I assume you know how to prove that $p$-groups and $p'$-groups are each closed under subgroups, quotients, normal products, and Frattini extensions. The next step is showing the $p$-nilpotents are similar, and then we can put these together to handle arbitrary $p$-length.

Lemma: The class of $p$-nilpotent groups is closed under subgroups, quotients, normal products, and Frattini extensions.

Proof: Let $G$ be a finite group, $M,N \unlhd G$, and $H \leq G$. If $G$ is $p$-nilpotent with normal Sylow $p$-complement $G_{p'}$, then $H \cap G_{p'}$ is a normal Sylow $p$-complement for $H$, and $H$ is $p$-nilpotent.
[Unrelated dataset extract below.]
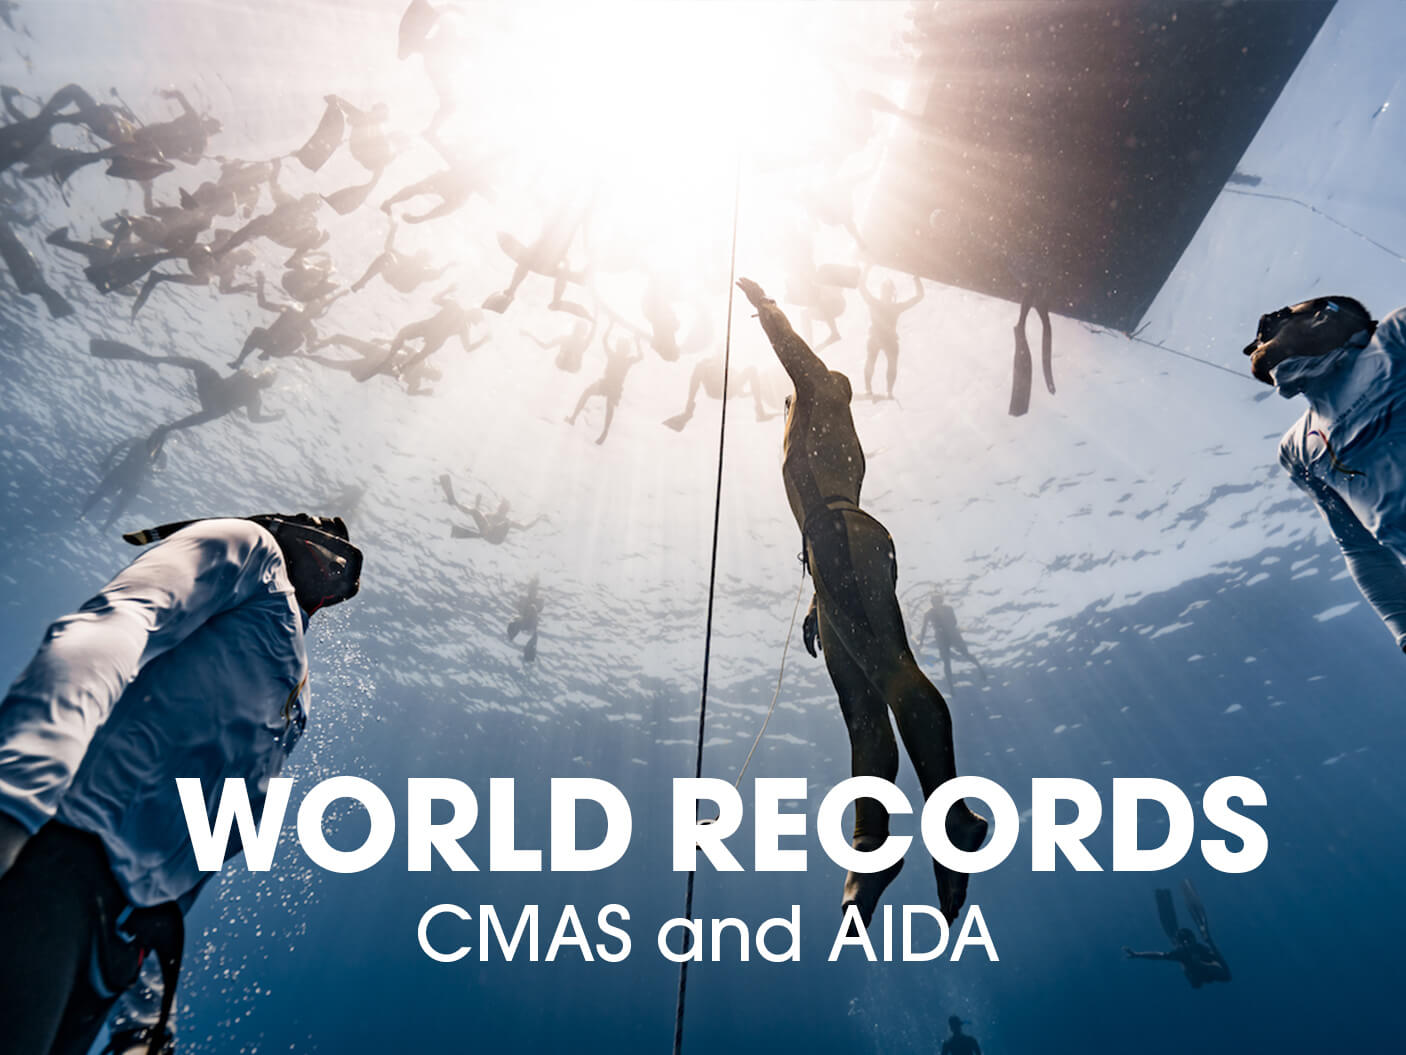 Current CMAS and AIDA Freediving World Records

Similarly $G_{p'}N/N$ is a normal Sylow $p$-complement for $G/N$. Return to general $G$, but assume $M,N$ are $p$-nilpotent with normal Sylow $p$-complements $M_{p'}$ and $N_{p'}$. $M_{p'}$ is characteristic in $M$, and since $N$ normalizes $M$, $N$ also normalizes $M_{p'}$. Hence $M_{p'} N_{p'}$ is a normal Sylow $p$-complement of $MN$, and $MN$ is $p$-nilpotent. [This next part is the Frattini argument.] Suppose $G/\Phi(G)$ is $p$-nilpotent with normal Sylow $p$-complement $N/\Phi(G)$. Set $G_{p'}$ to be a Sylow $p$-complement of $N$. If $g \in G$, then $G_{p'}^g \leq N$ and so is conjugate by some element $f \in \Phi(G)$. Hence $g = gf^{-1} \cdot f \in N_G(G_{p'}) \Phi(G)$ and $G = N_G(G_{p'}) \Phi(G)$ so $G=N_G(G_{p'})$ and $G_{p'}$ is a normal Sylow $p$-complement for $G$, and $G$ is $p$-nilpotent. $\square$

Lemma: If $H \leq G$ and $M,N \unlhd G$, then $F_p(H) \geq F_p(G) \cap H$, $F_p(G/N) \geq F_p(G)N/N$, $F_p(MN) \geq F_p(M) F_p(N)$, and $F_p(G/\Phi(G)) = F_p(G)/\Phi(G)$.

Proof: $F_p(G) \cap H$ is $p$-nilpotent by the previous lemma. It is normal in $H$ since both $F_p(G)$ and $H$ are normalized by $H$. By the previous lemma, $(F_p(G) \cap H)F_p(H)$ is a normal product of $p$-nilpotent groups, so is also $p$-nilpotent. However, $F_p(H)$ is the unique largest $p$-nilpotent normal subgroup of $H$, and so $(F_p(G) \cap H)F_p(H) = F_p(H)$ and $(F_p(G) \cap H) \leq F_p(H)$.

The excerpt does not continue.